I returned to Montevago on February 3, 1968. No more orange blossom scent. No more green and long asparagus. No more Aunt Rusalia (Aunt Rosalia) with fresh eggs from her hens. No more lu zù Caloiru (uncle Calogero) with good salami and sasizza (sausage) obtained from the slaughter of his pigs.

After the earthquake there was nothing left, only stones and mud. Around only emptiness and, a lot, a lot of frost. With difficulty, my legs turned between stones and snow, while with my eyes I looked for people and houses that were no longer there.

I returned after many years. I saw under a veil of tears, a new and unknown town.

On the outskirts, next to the new houses, there were some very shabby houses: the old historic centre. Small dilapidated houses, which for half a century have defied time, bad weather and scorching heat.

Before 1968, those walls were the silent guardians of a happy community, but on that cold night of January 15, a roar turned them into grieving ghosts.

I returned on January 24, 2021. It is always a joy to see a place that recalls childhood. It’s raining, there are no people on the streets and a misty silence envelops me. Instinctively I head towards the old centre, there, as always, I feel the past. Step by step I reach the places dear to me.

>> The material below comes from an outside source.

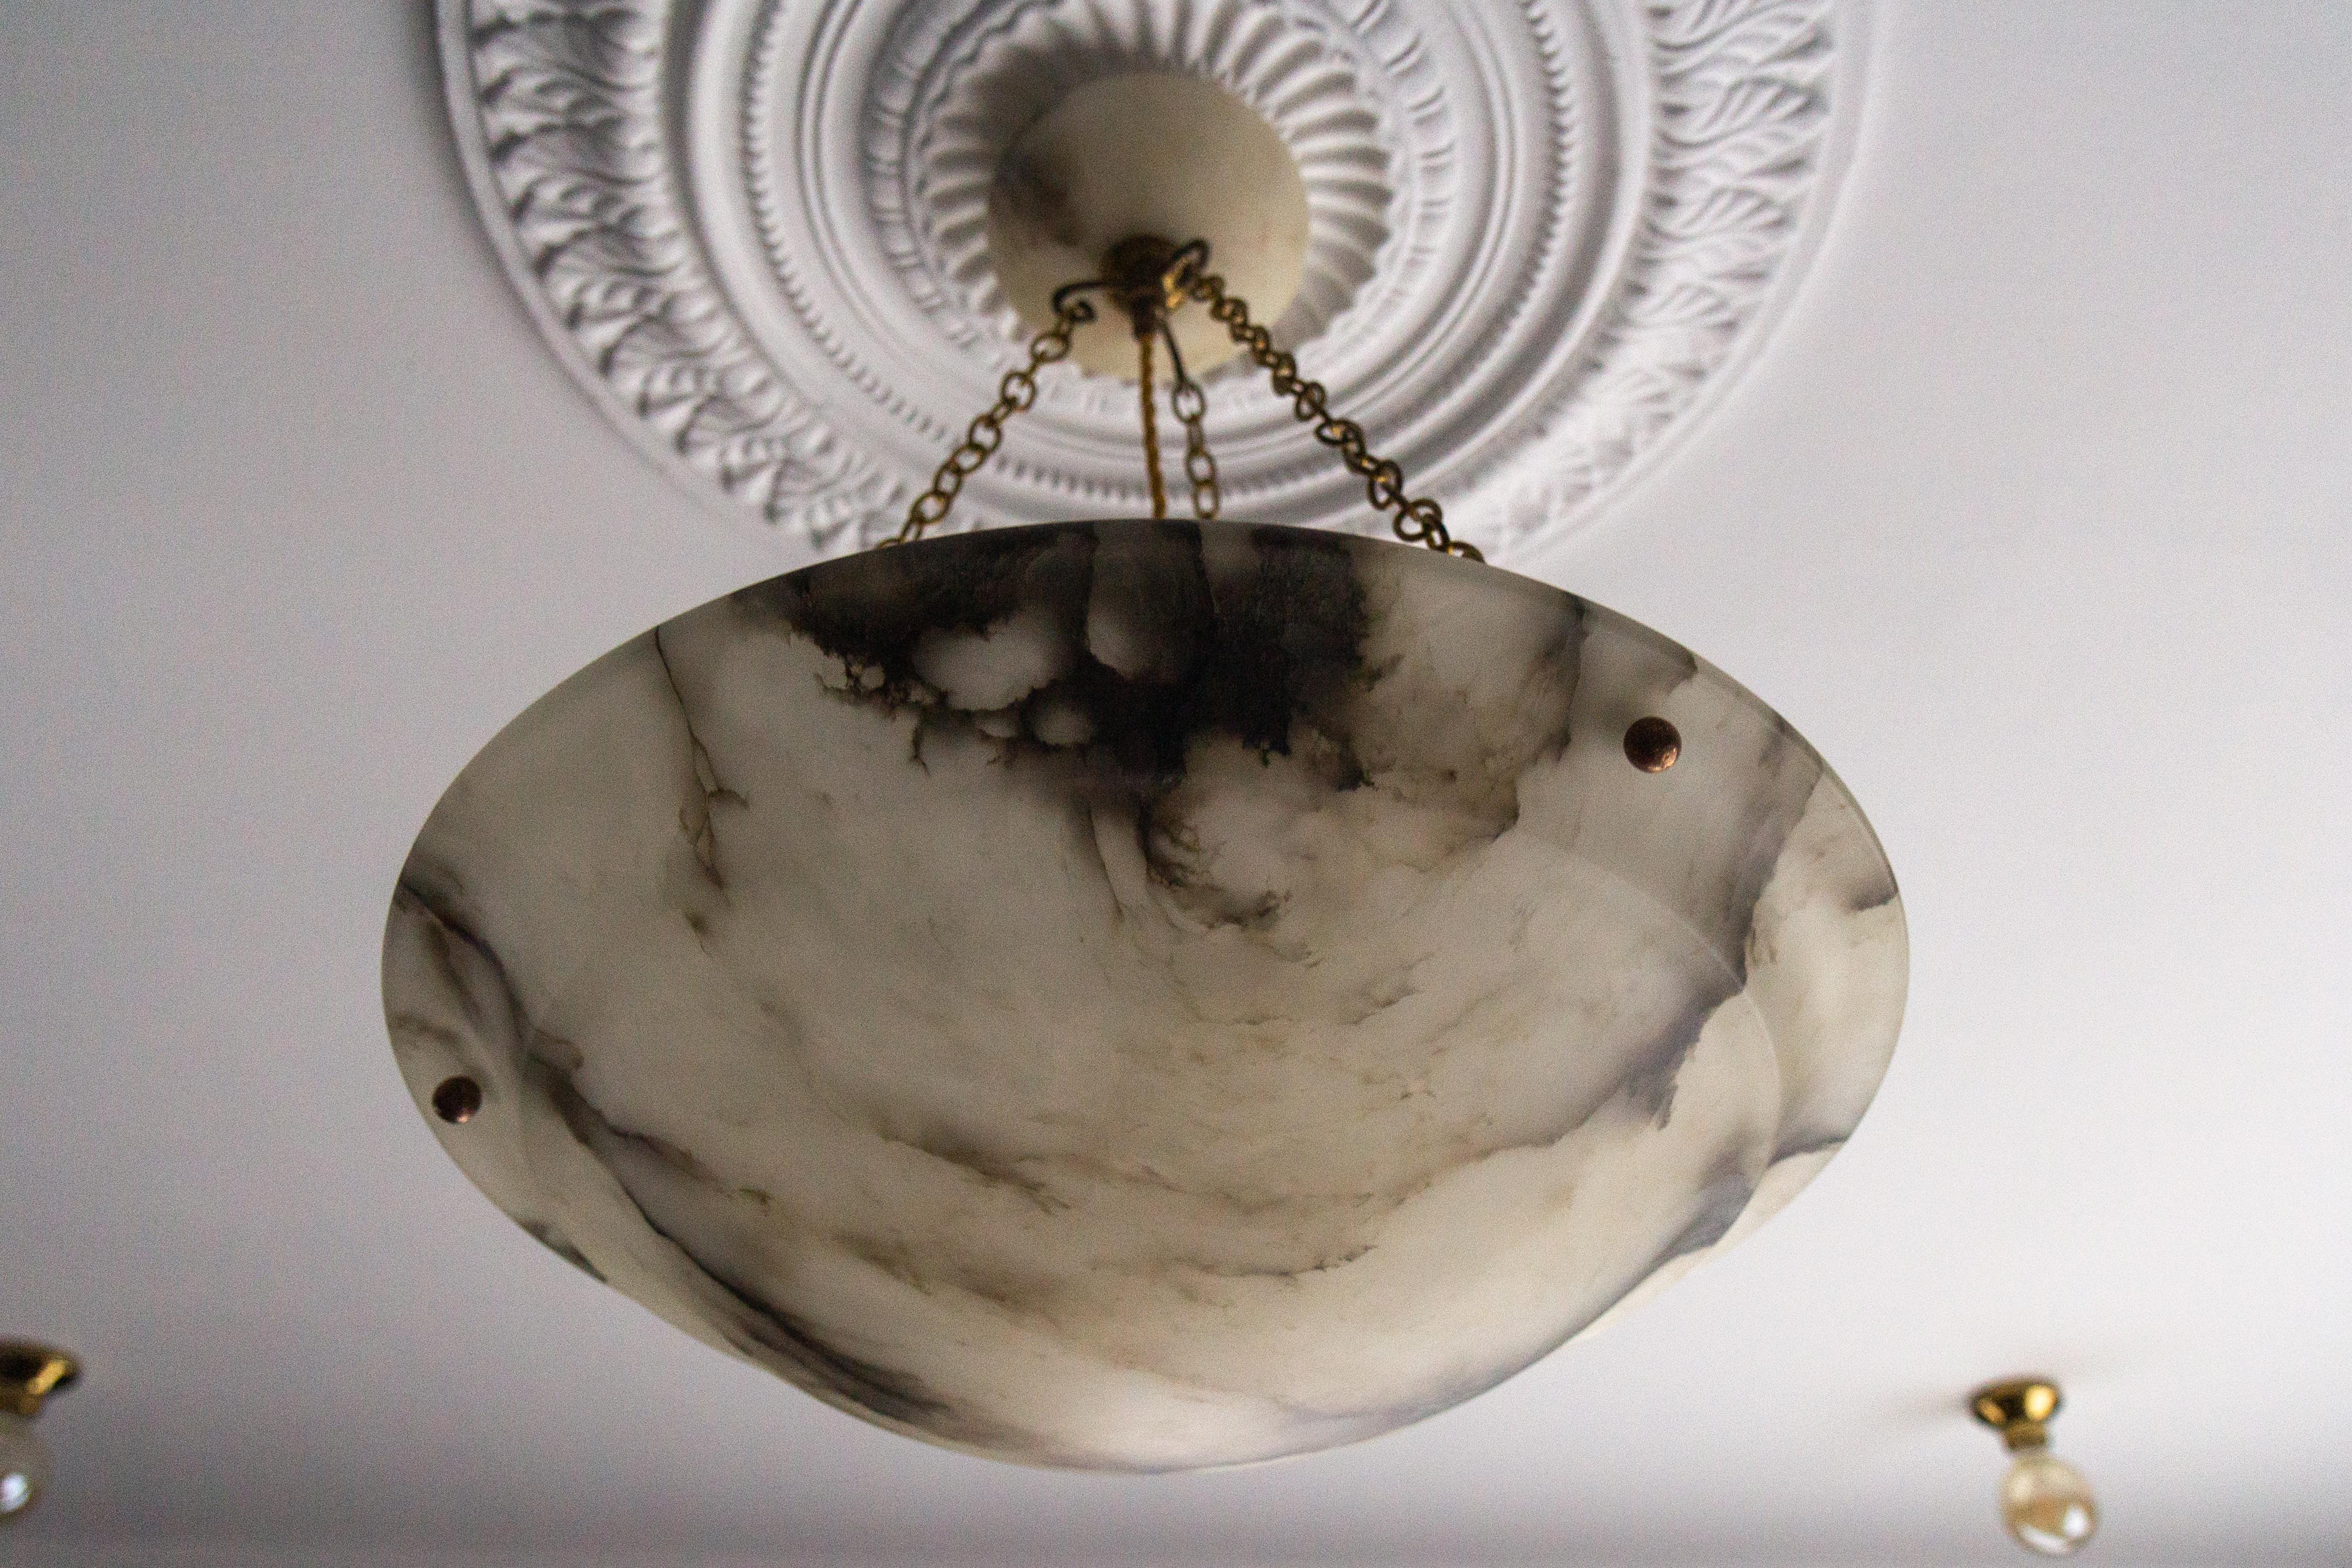 Antique large French Art Nouveau black veined white alabaster pendant light fixture.
Gorgeous and beautifully shaped alabaster pendant ceiling light fixture from circa 1920. Superbly veined and masterfully carved white alabaster bowl suspended by

Suddenly I realize that the old road has been cleared, now it is cleared of stones and rubble. The sidewalks are immaculate. The flower beds are squared and planted with palm trees. Piazza Belvedere, Corso Umberto I, a look at the valley and the certainty of being in a special place, where the past meets the present and together they go towards the future.

Memories move away in a few moments to give way to the reality of the moment. An exciting visual walk that awakens hope and dreams. The shadows of the evening slowly fall, but suddenly the light of the street lamps illuminates everything around.

Those street lamps that have remained off for 53 long years, now illuminate a path of art, history, affections, traditions, flavours, aromas and popular culture.

I approach the houses and they welcome me with smiling faces and nostalgic expressions, gestures of affection and moments of everyday life, they are beautiful murals that tell of a quiet town in Belice, unknown until the tragic night of 1968.

The people of Montevago with great willpower have rebuilt their town,, took back their life and maintained their identity. Along the external walls other works stand out for their disruptive force of colours and figures. I feel immense joy in watching that place come back to life.

There, where the fury of nature has destroyed, now the skilled hands, the sensitive intelligence and the ability of inspired young people has given new life. An open-air museum dedicated to the past, to those who are no longer there, but also to young and future generations.

I leave the museum with a great sense of serenity, I would say of joy, because each work that is made is a small piece of culture and history. I feel in my heart that the construction of this open-air museum is the beginning of a larger project which will not only include the artists of Belice, but also the artists of the world.

Each artist who comes will give new life and will go away regenerated by the beauty and serenity of the places, suitable for hosting various forms of contemporary art.

Montevago is the natural place to carry out any cultural initiative. The local products are of excellent quality and lend themselves to giving life to many food and wine tours.

The tourist visiting Montevago will enjoy the many facets of a place where nature, art, culture, good food, and a great desire to do, meet.

The realization of these Visual Paths has some architects and it seems to me only right to thank: Francesco Mauceri, the cultural association “The yearning for it” with the inexhaustible Michele Giambalvo and the artists: Ligama, Bruno D’Arcevia, Patrick Ray Pugliese, Pascal Caterine.

Thanks to the industrious municipal council led by the tenacious mayor Margherita La Rocca Ruvolo.